The ExampleValidator pipeline component identifies any anomalies in the example data by comparing data statistics computed by the StatisticsGen pipeline component against a schema. The inferred schema codifies properties which the input data is expected to satisfy, and can be modified by the developer.

    Consumes: A schema from a SchemaGen component, and statistics from a StatisticsGen component.
    Emits: Validation results

In [None]:
example_validator = tfx.components.ExampleValidator(
      statistics=statistics_gen.outputs['statistics'],
      schema=schema_gen.outputs['schema'],
      instance_name="Data_Validation"
      )

In [None]:
context.run(example_validator)

In [None]:
# Examine the output of validator.
context.show(example_validator.outputs['output'])

###### Transform [Preprocessing Stage]

The Transform TFX pipeline component performs feature engineering on tf.Examples emitted from an ExampleGen component, using a data schema created by a SchemaGen component, and emits a SavedModel. When executed, the SavedModel will accept tf.Examples emitted from an ExampleGen component and emit the transformed feature data.

    Consumes: tf.Examples from an ExampleGen component, and a data schema from a SchemaGen component.
    Emits: A SavedModel to a Trainer component

In [None]:
TRANSFORM_MODULE = 'preprocessing.py'

In [None]:
transform = tfx.components.Transform(
    examples=example_gen.outputs['examples'],
    schema=schema_gen.outputs['schema'],
    module_file=TRANSFORM_MODULE)

In [None]:
context.run(transform)

###### Examine the Transform component's outputs

The Transform component has 2 outputs:

    transform_graph - contains the graph that can perform the preprocessing operations (this graph will be 
                      included in the serving and evaluation models).
    transformed_examples - contains the preprocessed training and evaluation data.

Take a peek at the transform_graph artifact: it points to a directory containing 3 subdirectories:


In [None]:
os.listdir(transform.outputs['transform_graph'].get()[0].uri)

In [None]:
os.listdir(transform.outputs['transformed_examples'].get()[0].uri)

In [None]:
transform_uri = transform.outputs['transformed_examples'].get()[0].uri
tfrecord_filenames = [os.path.join(transform_uri,  'train', name)
                      for name in os.listdir(os.path.join(transform_uri, 'train'))]
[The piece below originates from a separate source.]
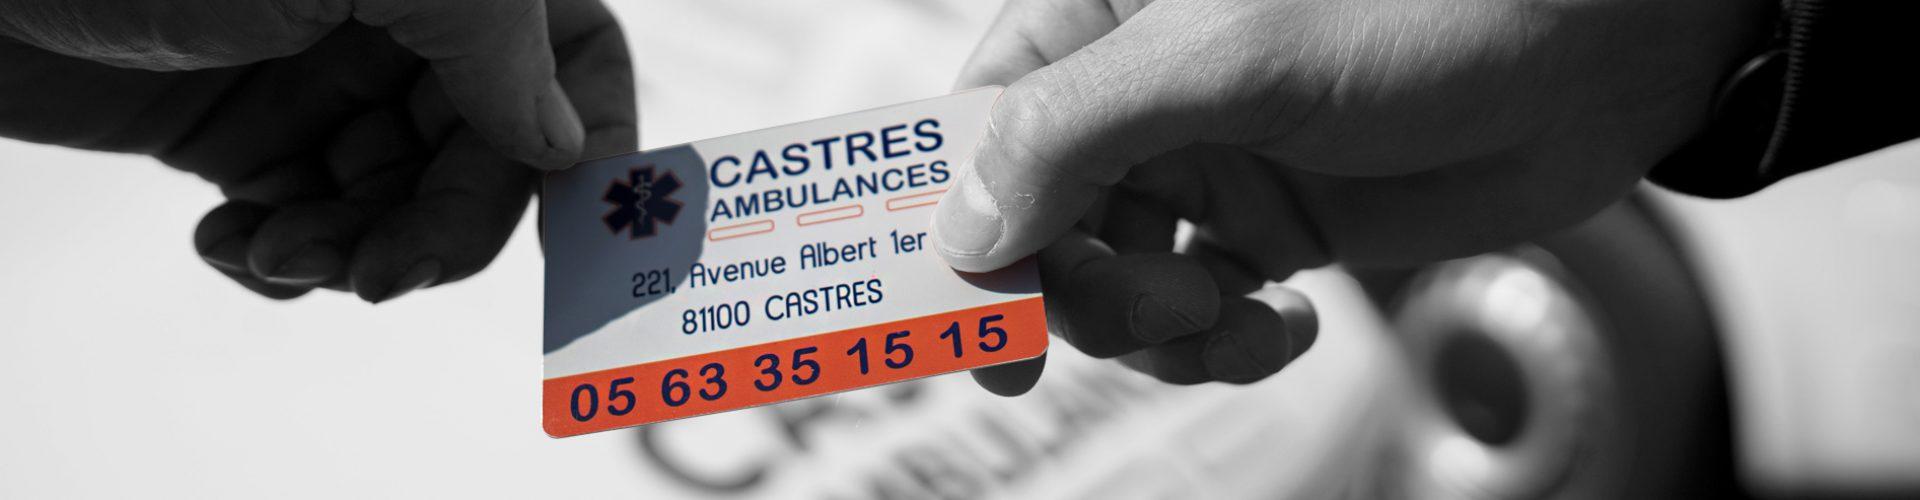 illustration-castres-ambulances-02

dataset = tf.data.TFRecordDataset(tfrecord_filenames, compression_type="GZIP")
for tfrecord in dataset.take(2):
    example = tf.train.Example()
    example.ParseFromString(tfrecord.numpy())
    for name, feature in example.features.feature.items():
        if feature.HasField('bytes_list'):
            value = feature.bytes_list.value
        if feature.HasField('float_list'):
            value = feature.float_list.value
        if feature.HasField('int64_list'):
            value = feature.int64_list.value
        print('{}: {}'.format(name, value))
    print('******')

In [None]:
transform_uri = transform.outputs['transformed_examples'].get()[0].uri
tfrecord_filenames = [os.path.join(transform_uri,  'eval', name)
                      for name in os.listdir(os.path.join(transform_uri, 'eval'))]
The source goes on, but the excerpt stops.